There was a moment on Saturday, August 12th that happened quickly but changed the course of everything that came after it. Around noon, a small group of white supremacists who had left the center of the protests at Emancipation Park walked down to an affordable housing complex called Friendship Court and, standing at its entrance, hurled racist slurs at black residents. Back at Emancipation Park, word spread among counter-protesters that Charlottesville black residents needed help, and a throng headed south to offer their bodies as support. But by time they got close to the housing complex, an organizer with Anarchist People of Color told them to turn back. The residents had already handled the situation, she told the marchers.

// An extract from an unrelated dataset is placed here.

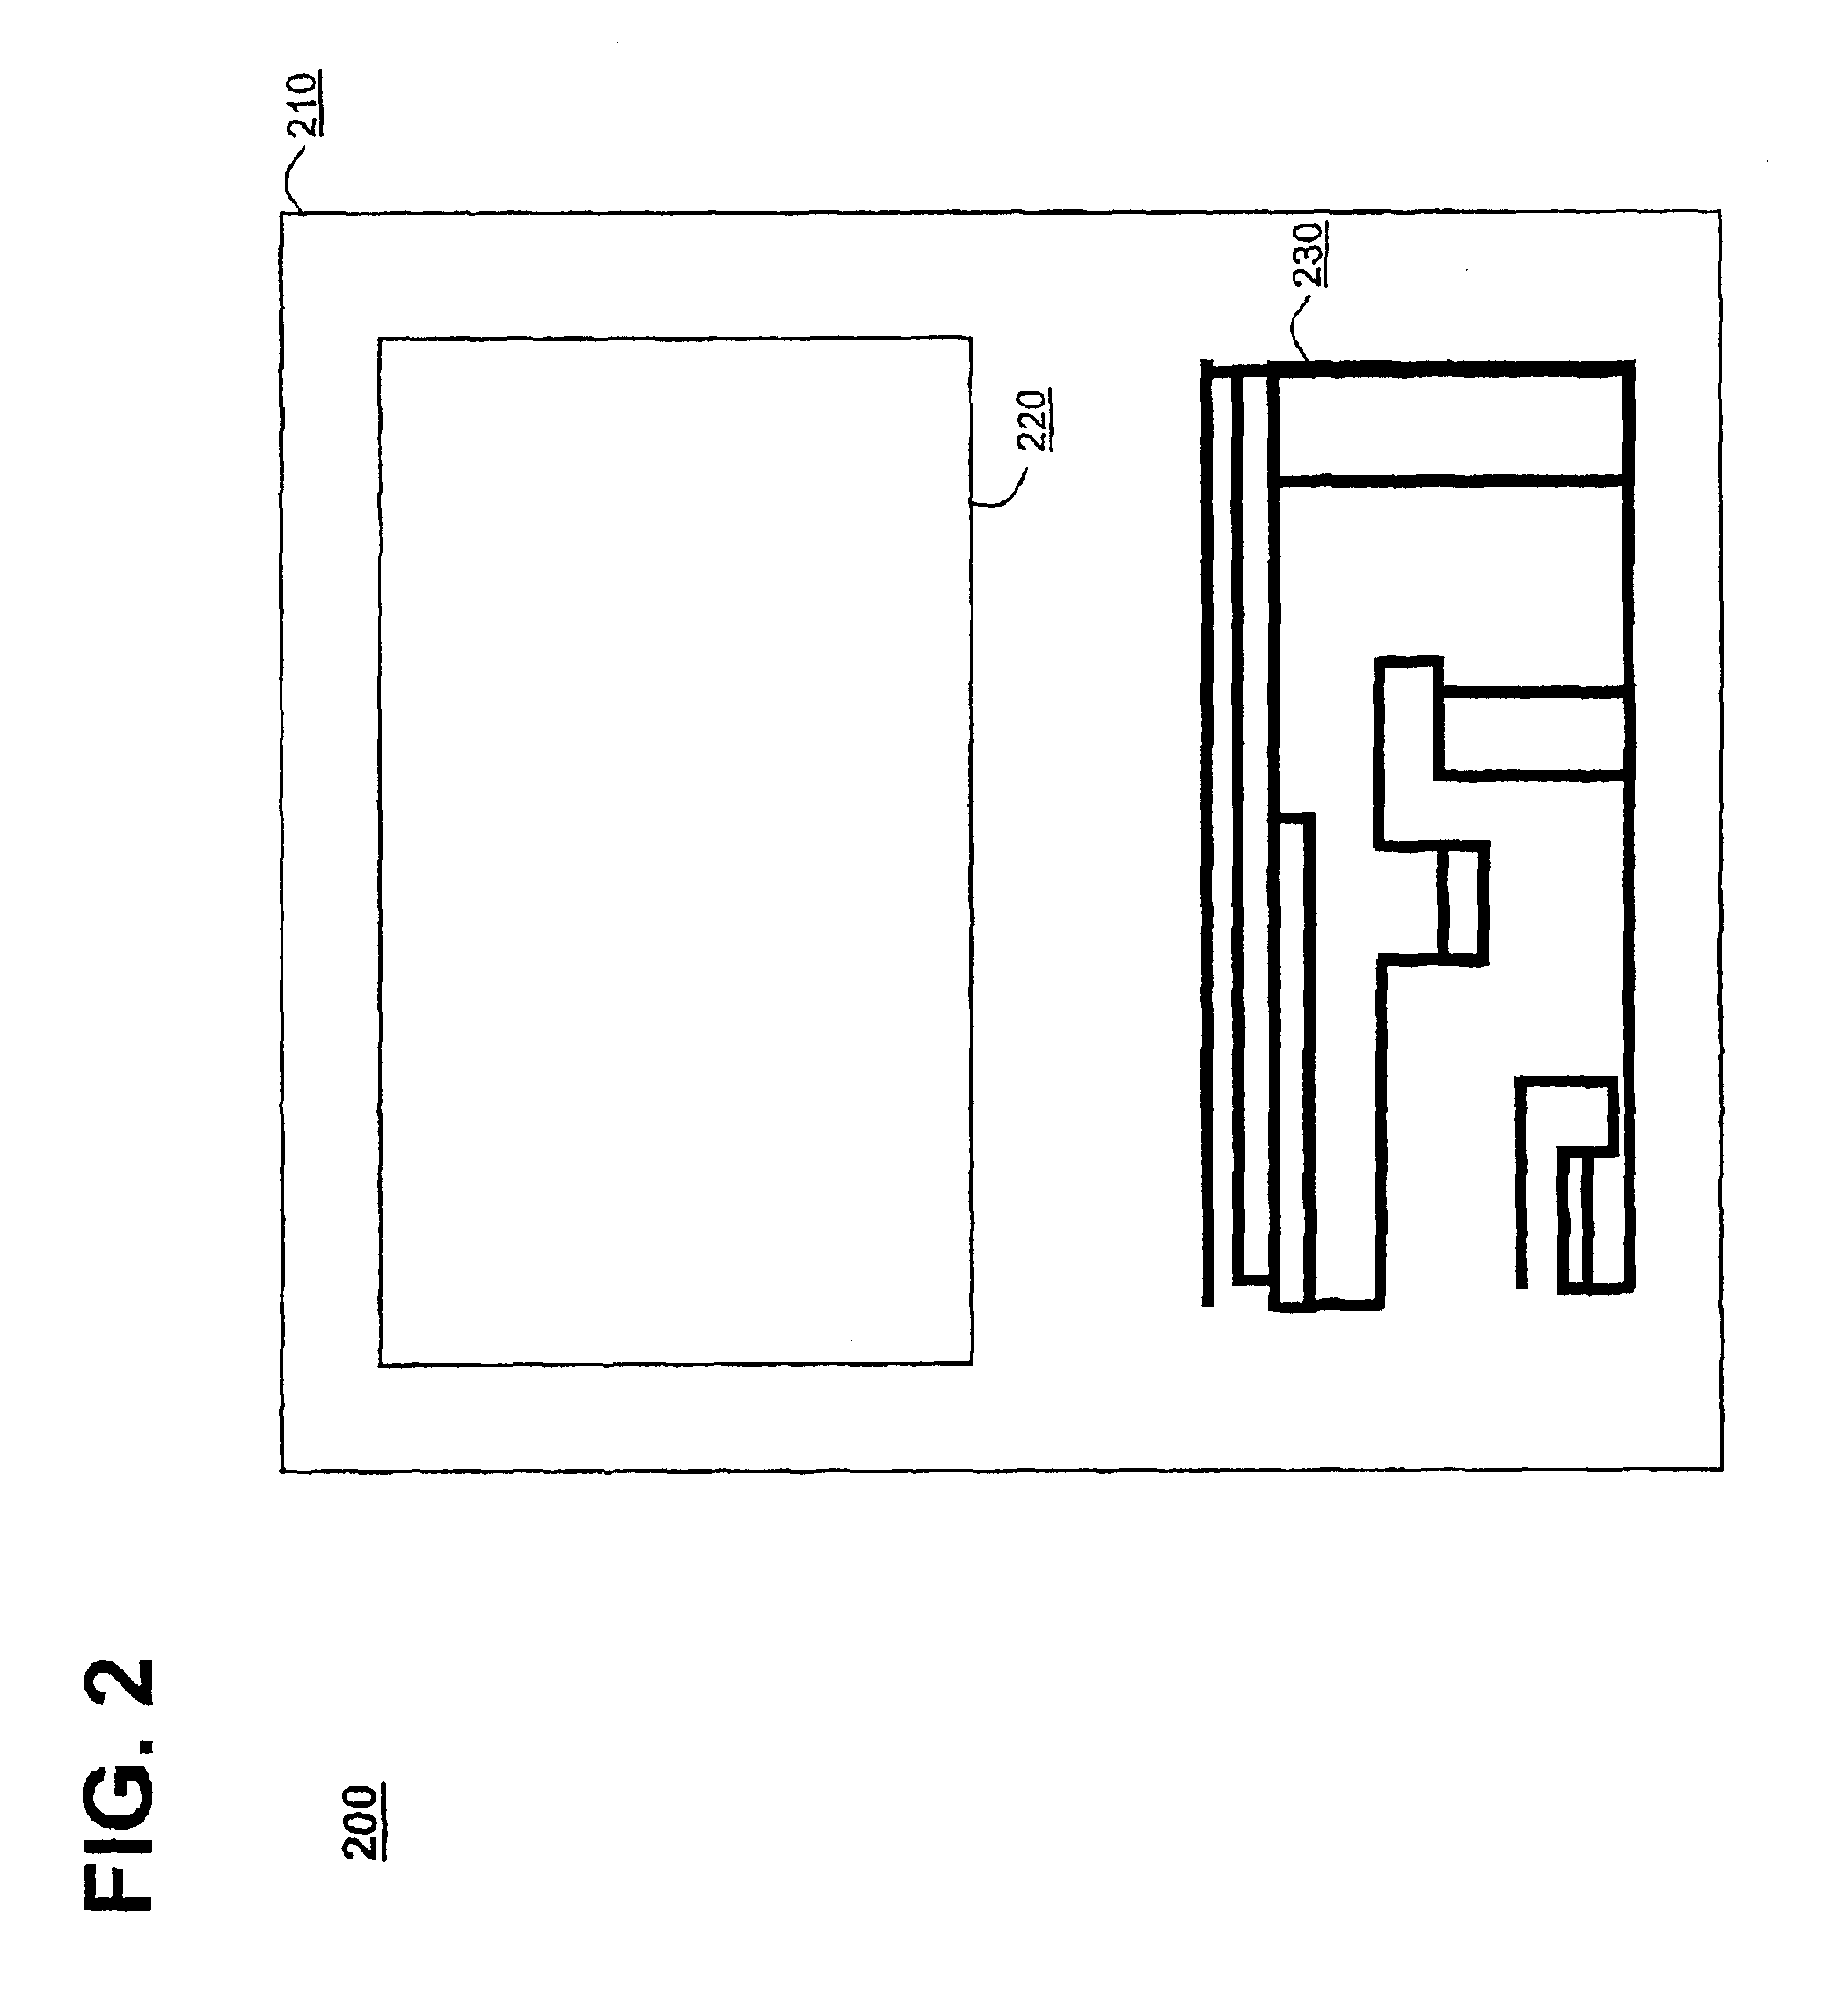 Method and system for transmitting and displaying information on a wireless device using plastic electronics

As they turned back up fourth street, the first march ran into another group of counter-protesters also under instructions to head to Friendship Court. It was a moment of jubilation — the residents had successfully defended themselves, and the official “Unite the Right” rally had been effectively shut down. The two marches merged, creating a huge congestion of people. But this mood lasted only a few minutes. It was into this rejoicing crowd that 20-year-old James Alex Fields Jr. gunned his car, then backed it up, and gunned it again.

It makes a cruel kind of sense that Heather Hyer and the others who were hit by Fields’ car had just come from standing in solidarity with residents of this particular public housing complex, for it lies at the very center of the city and at the center of what happened this weekend in more ways than one.

“The site itself is in the heart of downtown and the center of the city’s Strategic Investment Area,” a developer named Frank Grosch with the Piedmont Housing Authority (PHA) told a crowd assembled at the well-heeled Omni Hotel in September of 2015. “And it’s an extraordinarily valuable piece of real estate.” It was at that same breakfast fundraiser that Grosch announced that the PHA would acquire the 150-unit subsidized apartment complex in 2018 and redevelop it as a mixed-income neighborhood.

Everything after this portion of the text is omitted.